Jeremy Firestone has investigated the physics of shipstrikes on whales, looking at whether speed or mass are most important in determining damage. This is particularly important where the endangered right whale is concerned. Firestone is trying to determine quantitatively how particular strategies, such as slowing down ships, or shifting vessel routes, might reduce these destructive encounters, and which might be more acceptable to the different stakeholders.

“Climate change is rapidly emerging…as the primary source of imperilment” for ocean species, says Wil Burns. Sea ice has receded, permitting ship travel in previously safe Arctic regions; algae and krill populations, whale ecosystem mainstays, are shrinking. Whales face extinction by a variety of synergistic factors now, and for better or worse, says Burns, the legal and regulatory response must center on the International Whaling Commission (IWC).

Alison Rieser discusses the current gnarled politics of the IWC. Japan exploits a loophole in a global whaling moratorium to take hundreds of Antarctic and Pacific whales, arguing that populations permit sustainable catch quotas. Other countries vehemently oppose this whaling, and are trying to modernize the IWC, to make it address near and long-range threats to cetaceans. Rieser wonders if, under U.S. leadership, the IWC “can be salvaged” in order to take collective action “around climate change and the other proximate causes of whale demise.”

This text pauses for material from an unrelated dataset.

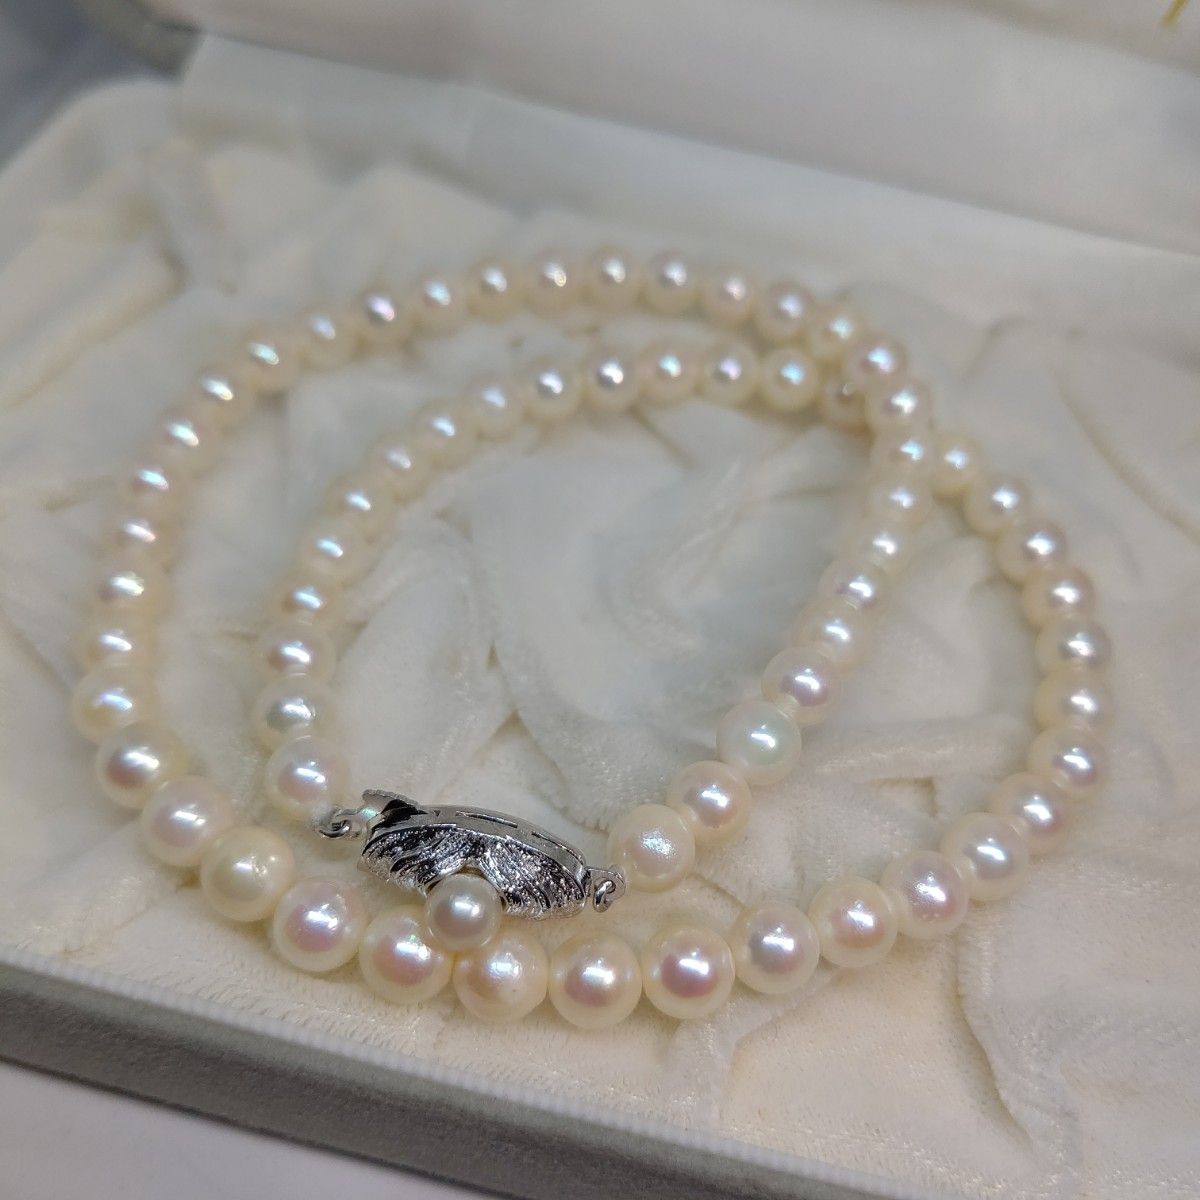 あこや 真珠 ネックレス イヤリング セット干渉色 silver 刻印  パールネックレス  本真珠

Don Anton assumes at the outset that “dysfunctionality won’t go away” in world whaling politics. He looks in particular at Australia’s efforts to end Japanese whaling by establishing a whale sanctuary off Antarctica. Anton doesn’t believe this unilateral approach will work. “I come at this (conclusion) awkwardly and uncomfortably” as a “tree-hugger,” he admits. Instead, he thinks Australia and New Zealand should plead the whales’ case before an international tribunal.

“I think whaling should stop absolutely,” says Max Strahan. We have an ecosystemic relationship to them, he says, and the fact we’re killing whales symbolizes our destruction of the oceans as well. The reason why the treaties don’t work, he says, is that “under the real law that matters, whales are still fish,” managed like hunted animals, and under this paradigm, there’s no possibility of saving them. Strahan wants the end of commercial whaling and of the IWC, and demands environmental reviews of fisheries.